Many of these ideas are still the realm of science fiction. But today’s neuroscience is having a huge impact on the field of criminal law. In March 2005, neuroscientists contributed to a landmark case in the U.S. in which the Supreme Court ruled against giving the death penalty for offenders under the age of 18. They argued that adolescents are not as capable of controlling their impulses as adults because the development of neurons in the prefrontal cortex – an area associated with social behaviour and conceiving the future – isn’t complete until the early twenties.
The correlate of the argument was that adolescents should not be punished for the immaturity of their neural anatomy – that the crime was really the fault of the brain, not the person. The Canadian Criminal Code removes responsibility from anyone “incapable of appreciating the nature and quality of the act or omission or of knowing that it was wrong.” The U.S. ruling raises some sticky questions about the word “appreciate,” a concept that implies the ability to foresee and anticipate consequences. What constitutes a “mature” anatomy? Should adults with damage to the prefrontal cortex be held responsible for their actions? How do brains differ between people that are able to control their baser urges and those that are not?

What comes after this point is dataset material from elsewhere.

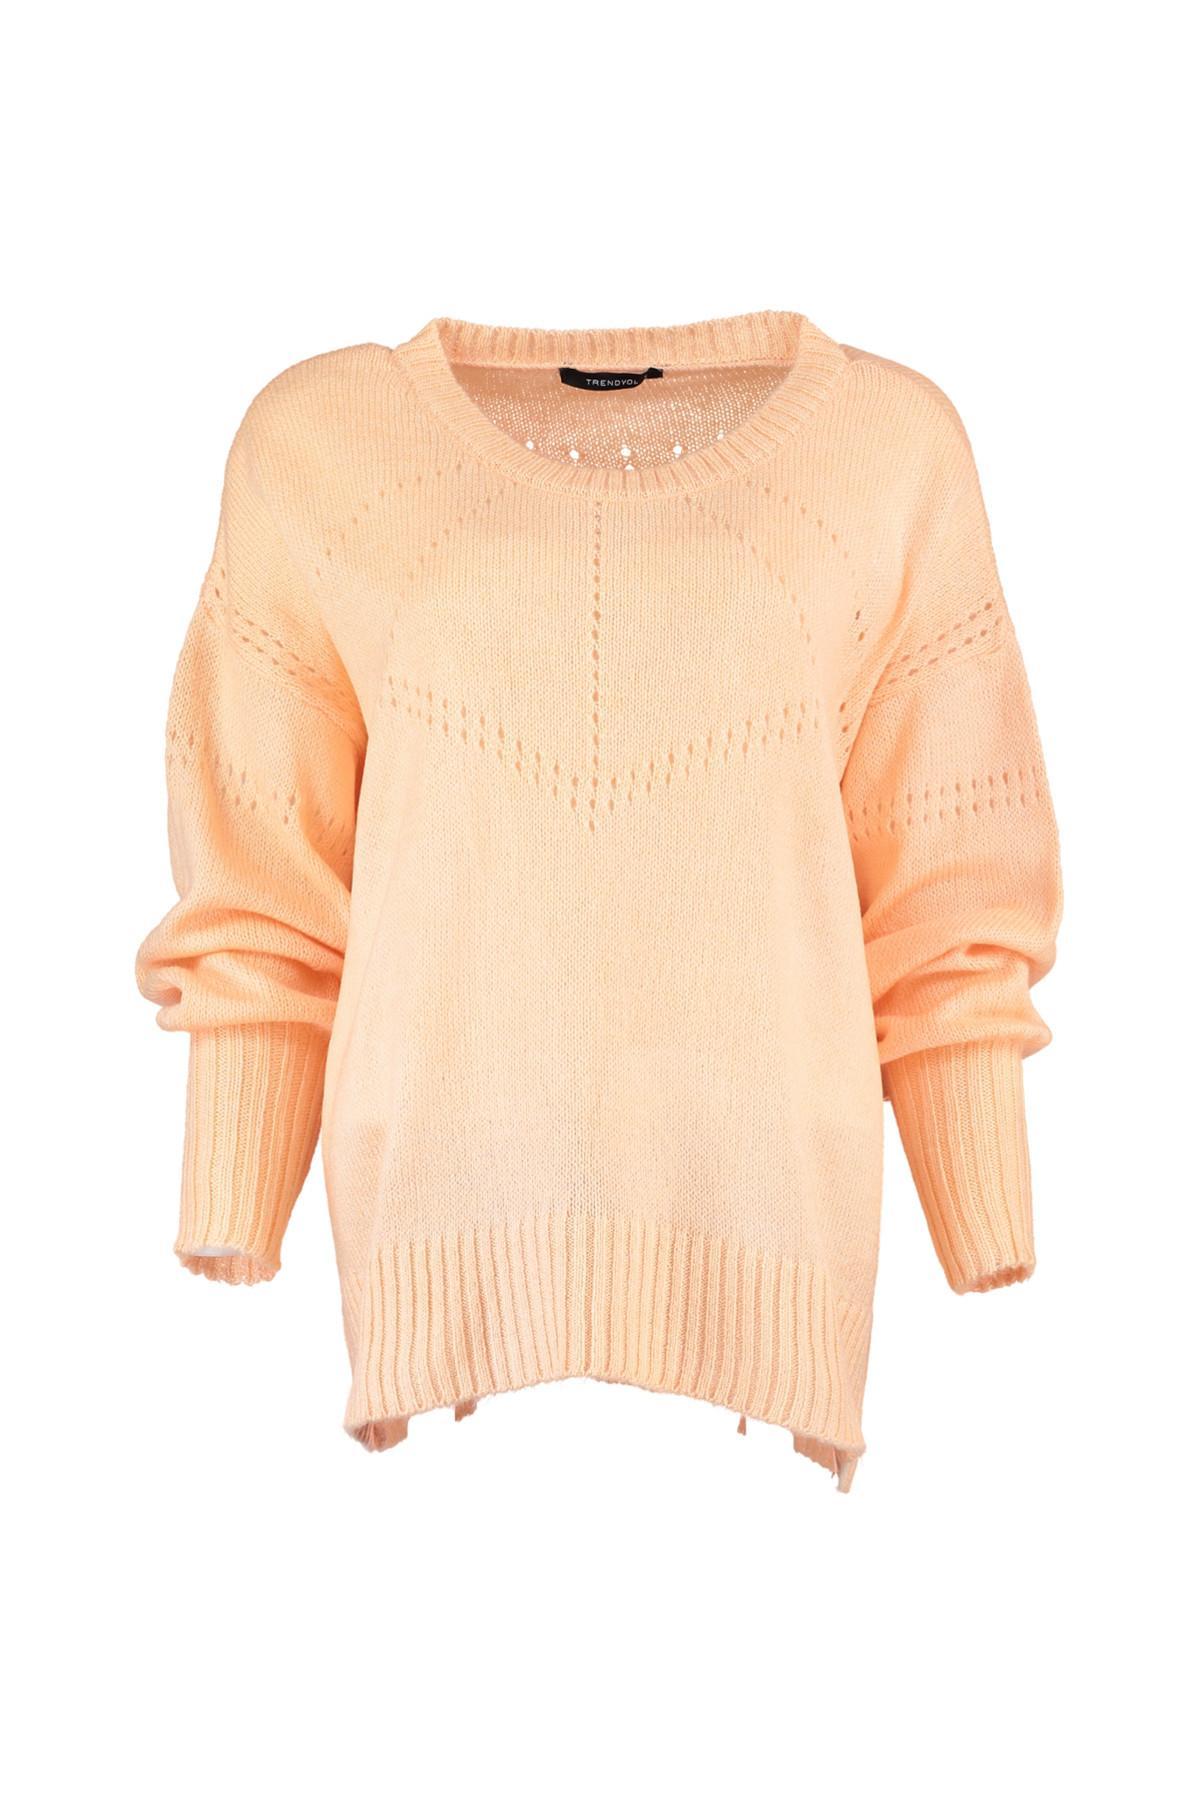 Trendyol WOMEN-Powder Mesh Detayl? Knitwear Sweater TWOAW20ZA0006
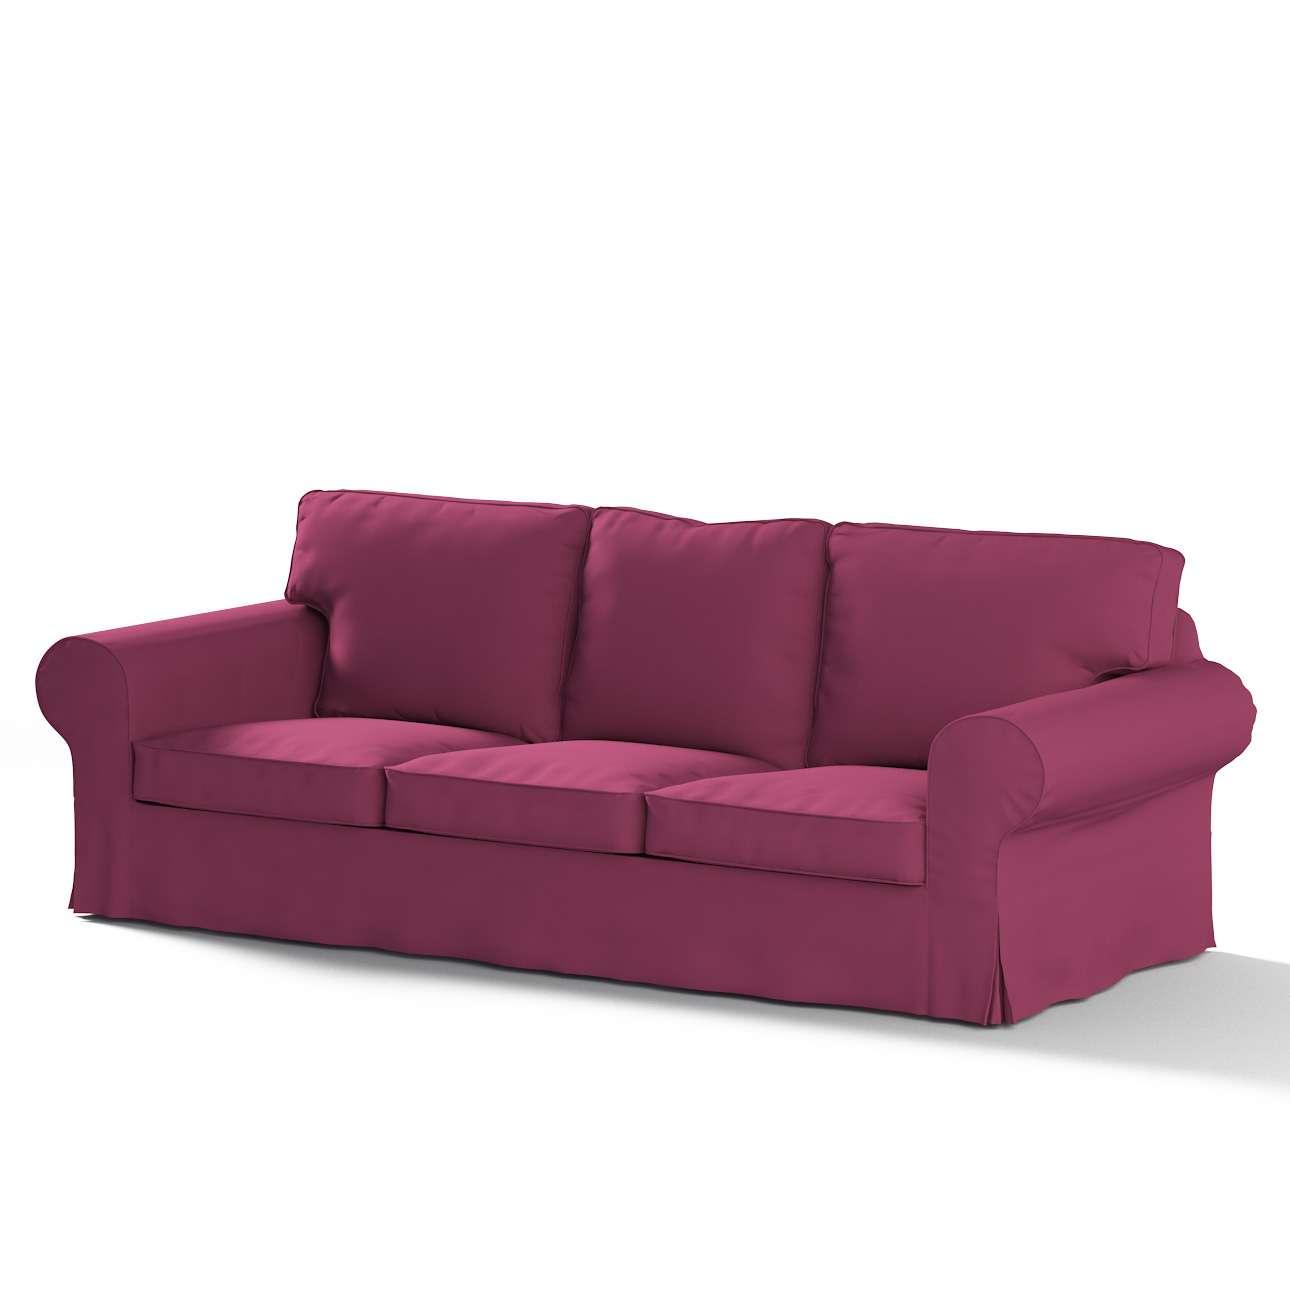 Pokrowiec na sofę Ektorp 3-osobową, rozkładaną NOWY MODEL 2013 Ektorp 3-os rozkładany nowy model 2013 w kolekcji Cotton Panama, tkanina: 702-32

There is a body of findings that suggest the prefrontal cortex acts as a valve for the instinctual motivations of the reptilian and early-mammalian brains we all carry. Overtax or inhibit the prefrontal cortex with alcohol or sleep deprivation and it becomes evident that our ancestors mostly desired sex, pizza, and warmth.
Daniel Ambrosini, a lawyer-cum-neuroscientist studying at McGill, cites the 1992 case of Herbert Weinstein as an example of a landmark case in the “my brain made me do it” argument. Weinstein was a New York ad executive who strangled his wife and threw her body from a 12th story window. During the first-degree murder trial, the defence counsel presented an image of Weinstein’s brain showing a large cyst in the frontal lobe as evidence mitigating his criminal responsibility. Because the prosecutors were afraid of the effect the images might have on the jury, they agreed to drop the charge to manslaughter, and Weinstein and his brain avoided a life sentence.
Abnormal development of brain structures involved in motivating instincts can also overwhelm the prefrontal cortex. In August 1966, Charles Whitman, a student at the University of Texas killed his wife, mother, and 13 other people on campus before being shot by the Austin police. Following the massacre, an autopsy revealed Whitman had a tumour in his amygdala – an area of the brain that evolved in mammals and is associated with fear and aggression. In October 2007, a group of neuroscientists, psychologists, and lawyers was awarded a $10-million grant from the MacArthur Foundation to study the impact of modern neuroscience on criminal law. Their work aims to answer the primary question that arises from the collision of the two disciplines: namely, how does the structure of a brain affect the liability of a body? Should we trust fMRI scans to distinguish truth from fiction? Should the police be able to get a search warrant for someone’s brain? Should we be made to answer for our urgers, or only our control over them? If Kermit the Frog came home to find Ms. Piggy in bed with Fozzie Bear and knocked the stuffing out of both, should he be punished less if an x-ray could prove that Jim Henson’s hand was behind the blows?
As neuroscientists and their technologies learn to tease apart the strings that make us dance, our laws will have to adapt. For now, the point at which people should be excused from responsibility for the actions of their bodies because they are not able to control themselves remains ambiguous. Neuroscience is providing new frames through which to question the control we have over our actions, but, ultimately, the answer may be ours to choose.